I would solve this problem using a technique of finite horizon optimal control where we have an $x_t$ a state vector for each time point, a control signal $u_t$, a prediction $p_t$.

The core of idea is that you define a transition function which defines $x_t = f_t(x_{t-1},x_{t-2}, ... ,x_{0},u_{t-1},u_{t-2}, ... ,u_{0}, p_t, p_{t+1}, ... , p_{t+h})$ depending on past state, past controls and future predictions of demand and those as constraint of your model the time interval your model runs over. Futhermore you define constraints involving the predictions $p_t$, $x_t$, $u_t$ that ensure you always have enough stock. You define your objective in terms of $x_t$ and $u_t$.

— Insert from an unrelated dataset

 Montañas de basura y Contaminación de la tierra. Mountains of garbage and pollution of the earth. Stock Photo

The idea is that on day $\tau$ you run a the model with updated predictions, the 5 past $u_{\tau-1}, u_{\tau-2}, u_{\tau-3}, u_{\tau-4}, u_{\tau-5}$ as you ordered and they will arrive, $x_{\tau-1}, x_{\tau-2}, x_{\tau-3}, x_{\tau-4}, x_{\tau-5}$ as the historic stock levels and $p_t, ..., p_{t+h}$ as predict the demand on these days, you leave $x_{\tau}, ... x_{\tau + h}$ as free variables, constraint by transition function and leave $u_\tau, ... , u_{\tau + h}$ as free variables where $h$ is the length of time horizon. After running the model you get an $u_\tau$ and you order that many. The next day you rerun the model with updated predictions and one day further.

In your case the transition constraint would look like $x_{t} = x_{t-1} + u_{t-5} -p_{t-1}$. The stock level of the next day is the stock level of the previous day plus what you order 5 days ago minus that you expect to sell. You in addition can pose a contraint how much buffer you want atleast for each $x_t$.

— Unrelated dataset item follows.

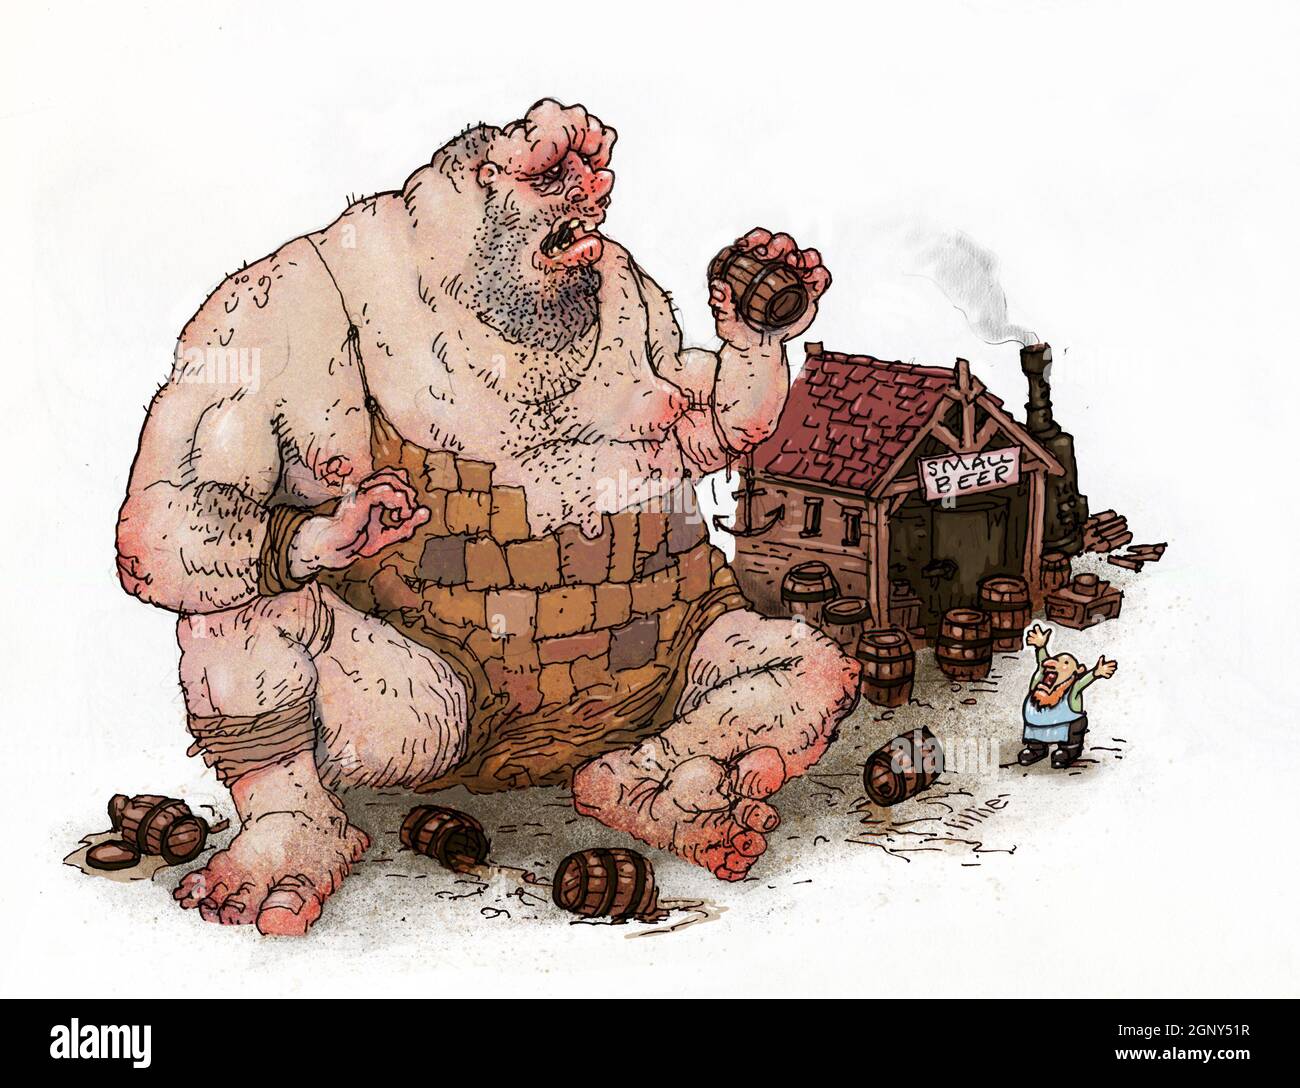 Kunstdarstellung eines betrunkenen Riesen, der Bier aus einer Brauerei raubt, während ein Brauer wütend auf ihn schaut. Fantasy-Fiktion, Mythos, Legende, Rollenspiele, D&D, Folklore Stockfoto

The objective would be a sum of a piece wise function applied to how much was order plus storage costs. There is a lot of research how you can express piecewise function as mixed integer problems but some of them are about continous functions which yours is not.

It think you could express this problem completly in the language of Mixed Integer Linear Programming. I hope this gave you an idea how to approach it.